Par contre, là où on pourra voir beaucoup de films africains c'est dans le programme du Pavillon du Cinéma du Sud. En marge des activités officielles, cet espace a vu passer pas moins d'une douzaine de longs métrages venant de Tunisie, Nigeria, Sénégal, Guinée, Afrique du Sud, Mozambique, Kenya, … Pour ne citer que quelques pays. Toujours est-il que ce lieu est plutôt un espace de promotion et de visibilité pour des cinématographies qui en manquent tellement.

De ce qui précède, il y a lieu de faire part de deux craintes. La première est qu'il existe un certain quota pour le cinéma africain en fonction des possibilités de production. La seconde est qu'il soit condamné à une existence en ghetto, à n'être visible que dans une seconde zone. Il y aura donc un cinéma pour les pauvres et un cinéma pour les autres.
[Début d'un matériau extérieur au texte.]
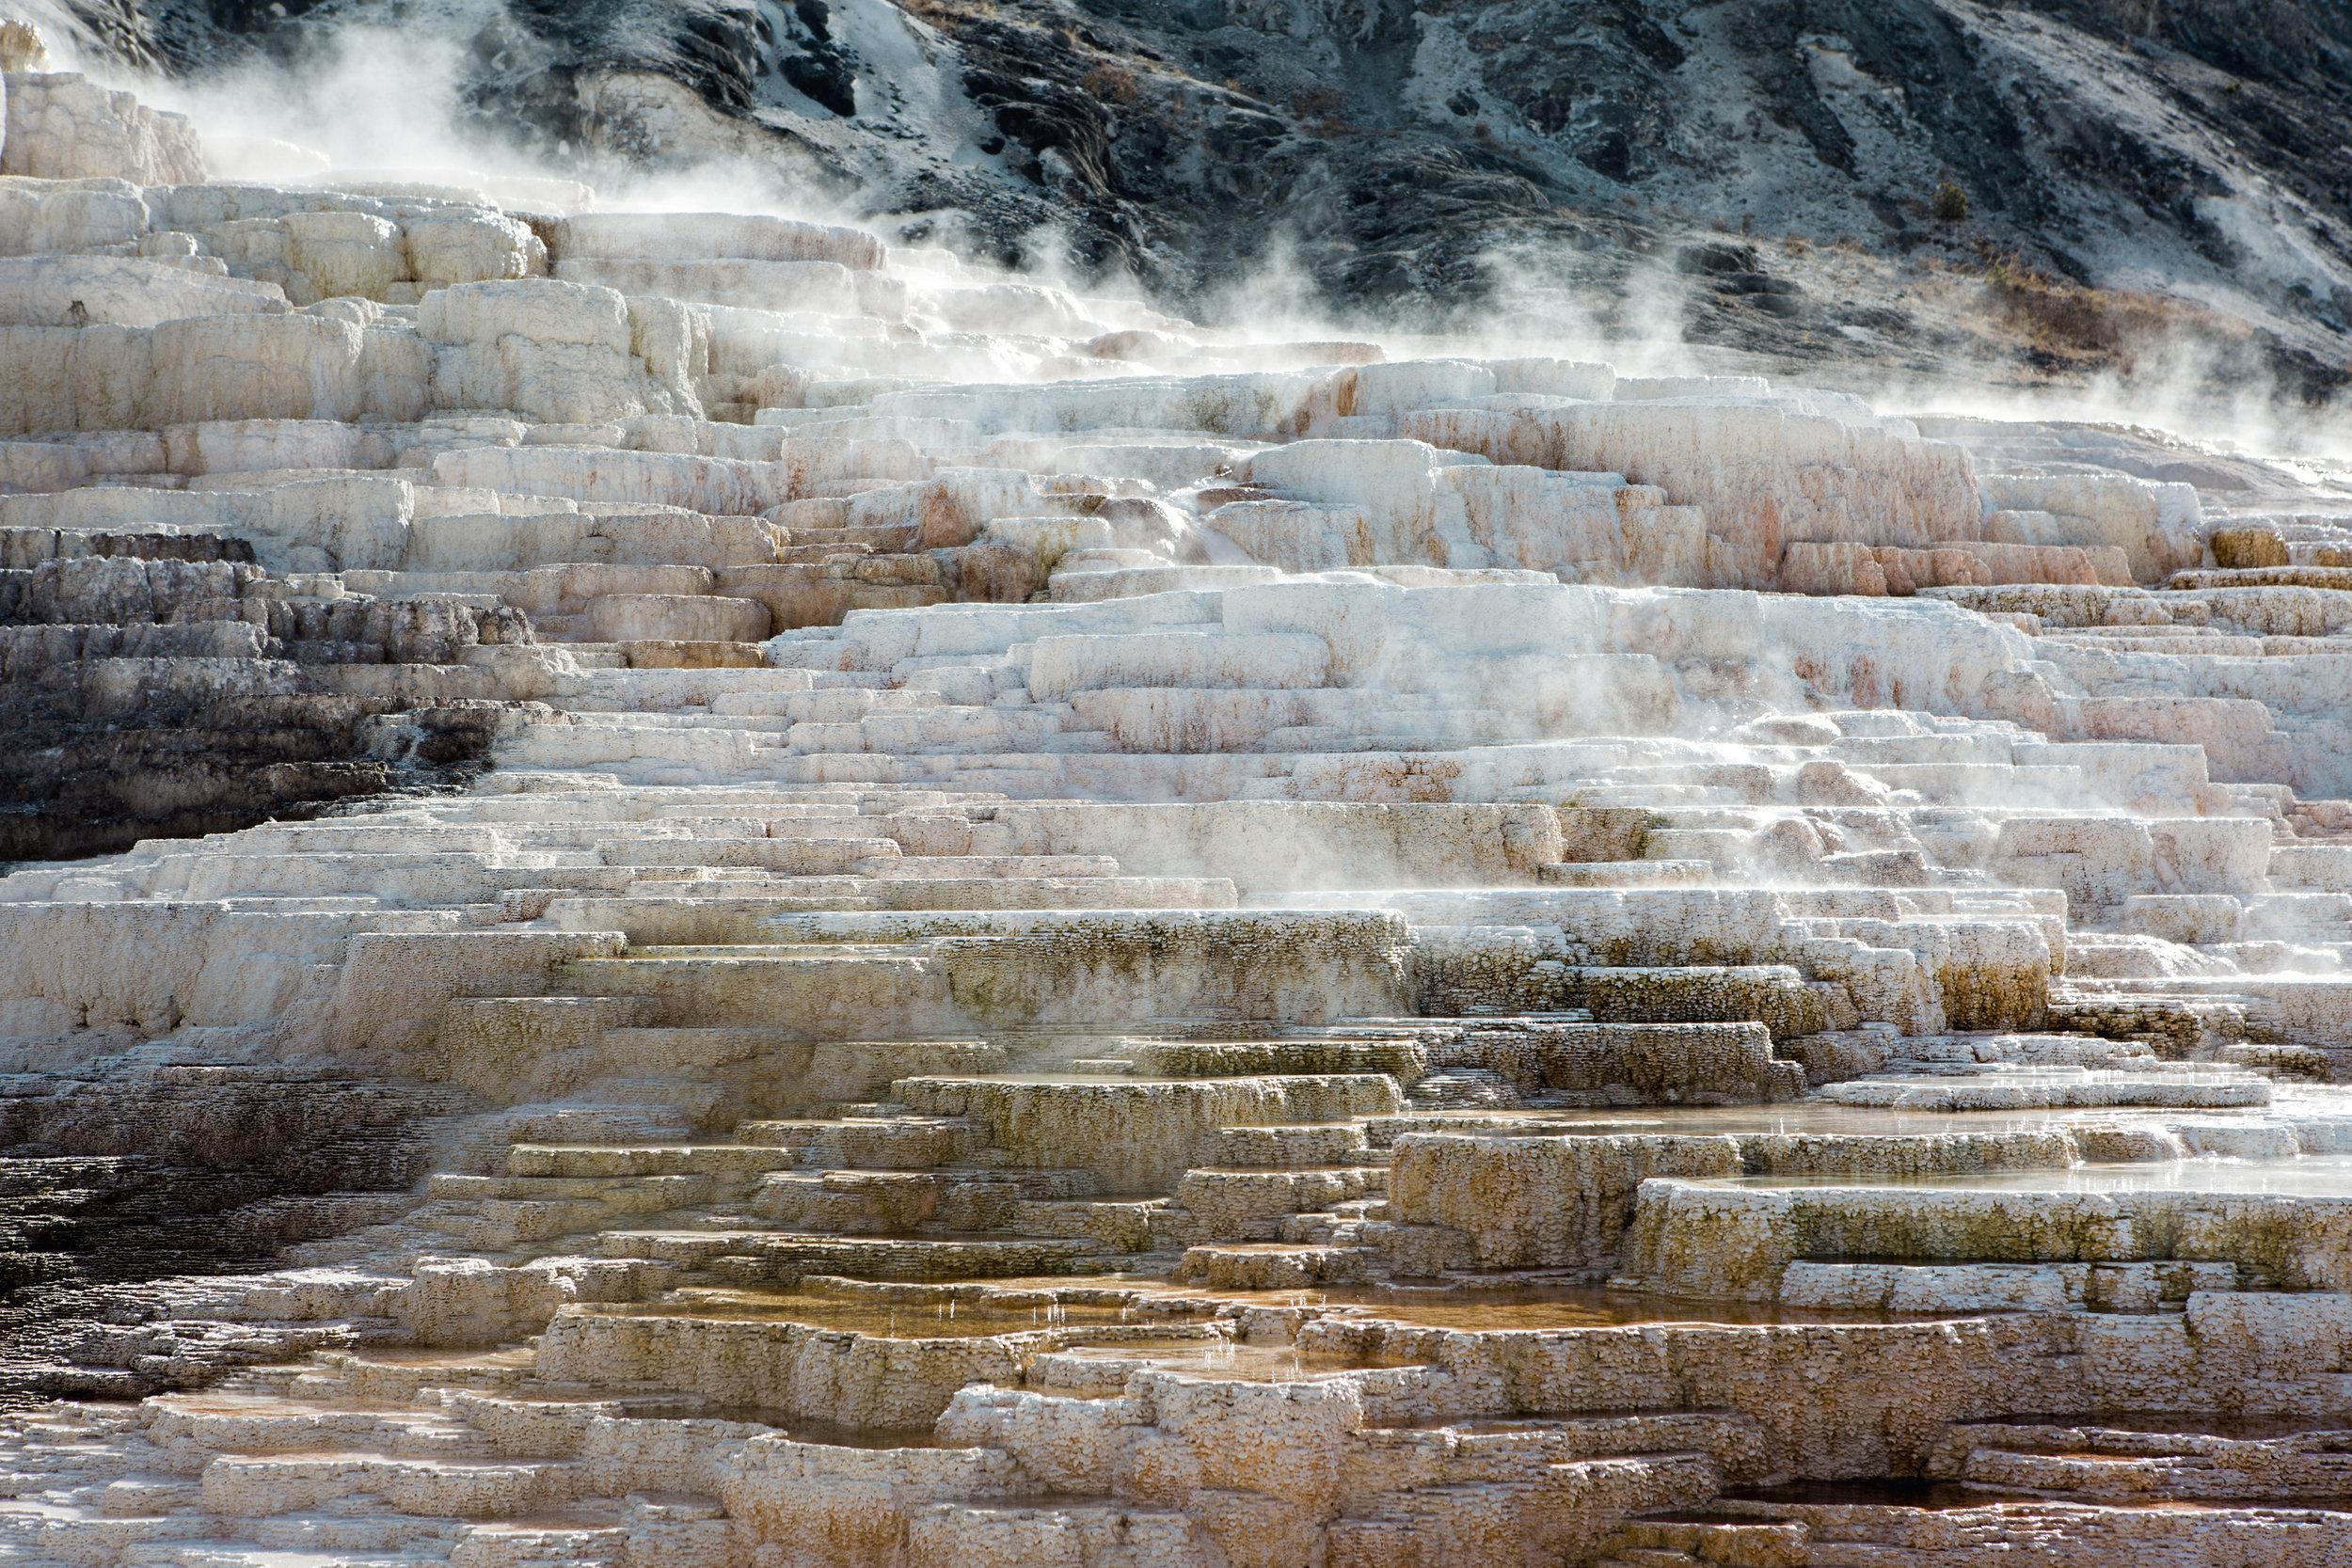 CindyGiovagnoli_Yellowstone_National_Park_Montana_Wyoming_bison_pronghorn_snow_elk_truckcamping-004.jpg

Pour le premier, il y a les petite ruelles, voire même les pistes difficilement praticables, pour l'autre les autoroutes.

Le fait est que, au-delà de toutes sortes de considérations, chaque année, le Festival de Cannes donne la preuve que, malgré le joug de ce qui est appelé "sous-développement", des auteurs sont toujours capables de relever le défi contre l'indigence. Et bien que leurs œuvres ne soient que rarement en compétition et des fois en sélection officielle ou dans les sélection parallèles, ils ne manquent pas d'imposer une reconnaissance artistique dont personne ne peut contester le mérite.
Après Moolaadé par "l'Aîné des anciens" que Cannes a propulsé vers une carrière très honorable (son succès continue même jusqu'à ce jour), voici que Bamako, film d'un cinéaste de la deuxième génération, vient prendre la relève. Et d'autres suivront certainement les prochaines sessions.